■ **About this exercise**
Below is a listing. Quote from it, exactly, the lines from the one containing "Поплин, тонкий стрейч" down to the one containing "thor-god-of-thunder-4k-a1.jpg", both ends included, and nothing else.

■ **Exercise materials**
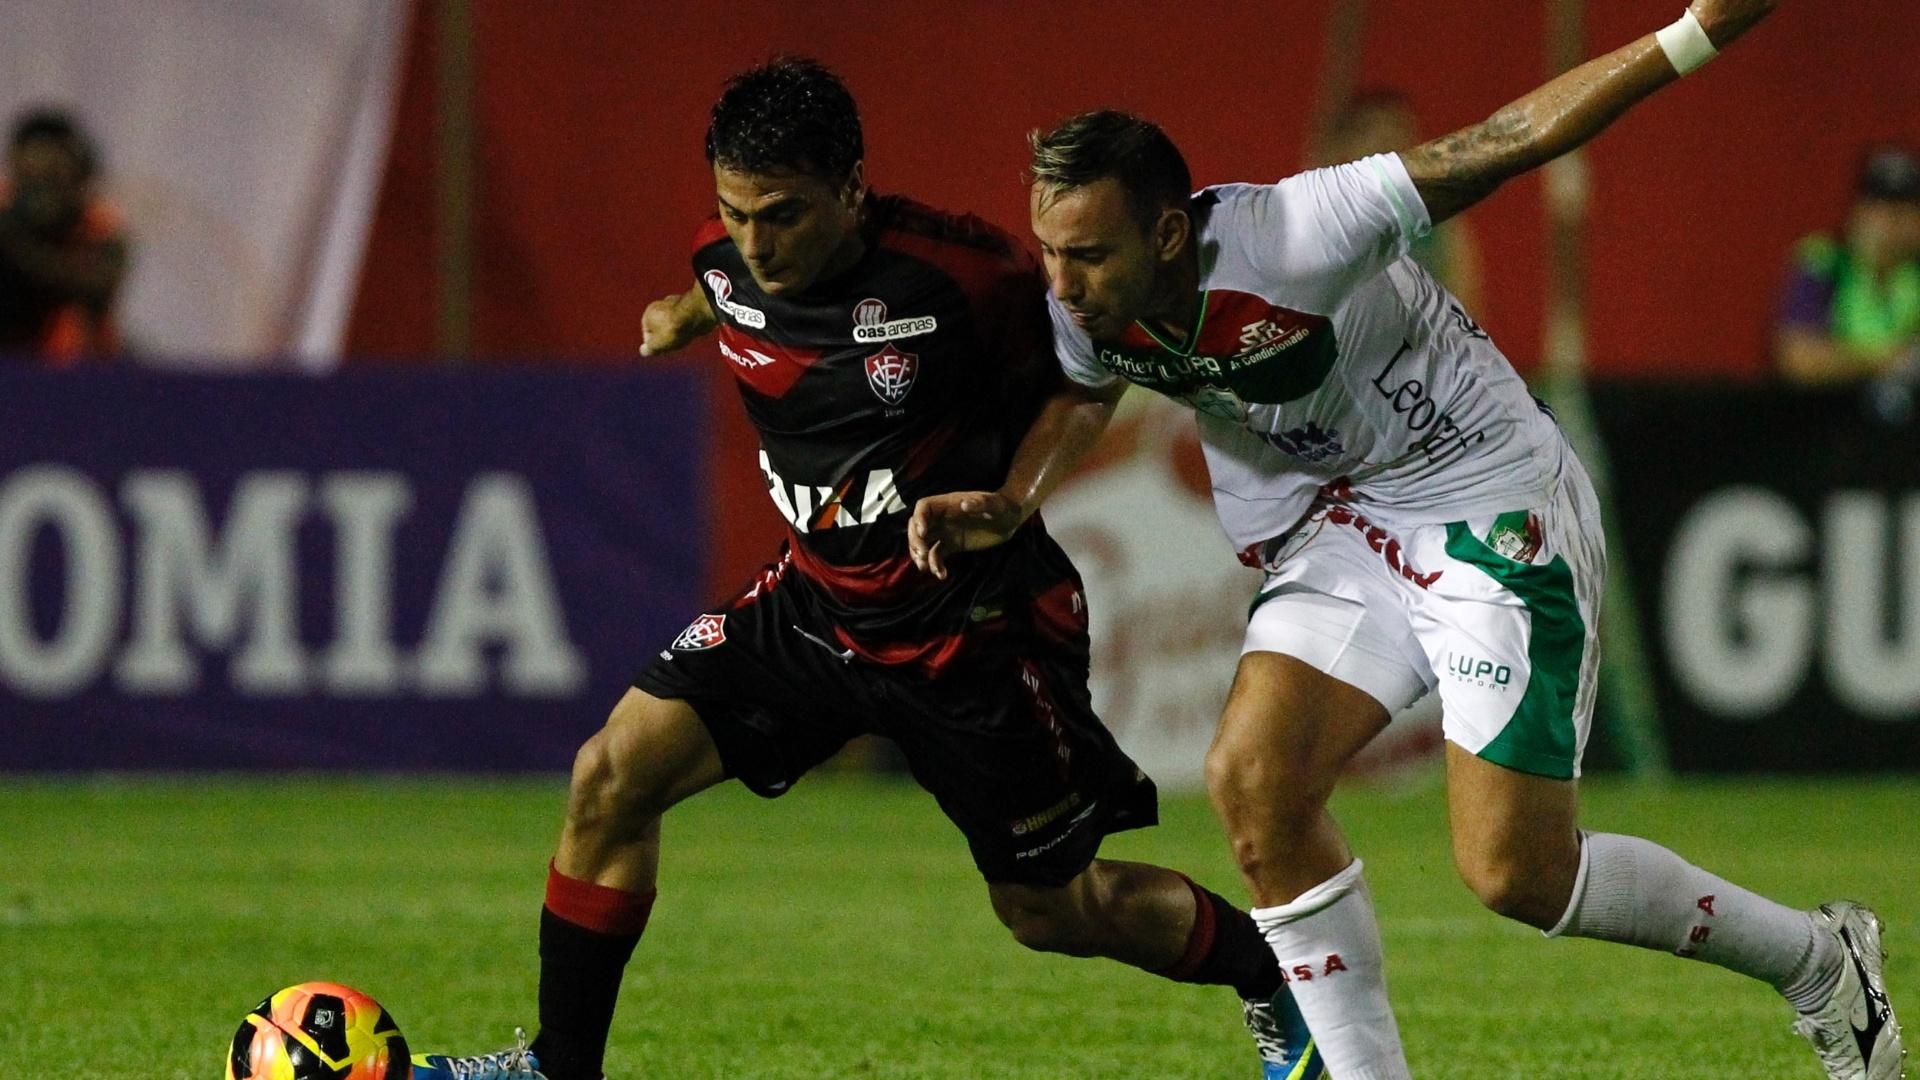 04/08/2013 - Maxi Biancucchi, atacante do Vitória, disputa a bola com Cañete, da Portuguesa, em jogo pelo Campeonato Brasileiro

==

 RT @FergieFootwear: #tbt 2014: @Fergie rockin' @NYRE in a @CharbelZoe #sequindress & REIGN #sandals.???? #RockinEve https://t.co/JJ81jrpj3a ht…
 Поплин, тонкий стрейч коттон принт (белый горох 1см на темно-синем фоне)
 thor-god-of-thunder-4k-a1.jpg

■ **Response below**
 Поплин, тонкий стрейч коттон принт (белый горох 1см на темно-синем фоне)
 thor-god-of-thunder-4k-a1.jpg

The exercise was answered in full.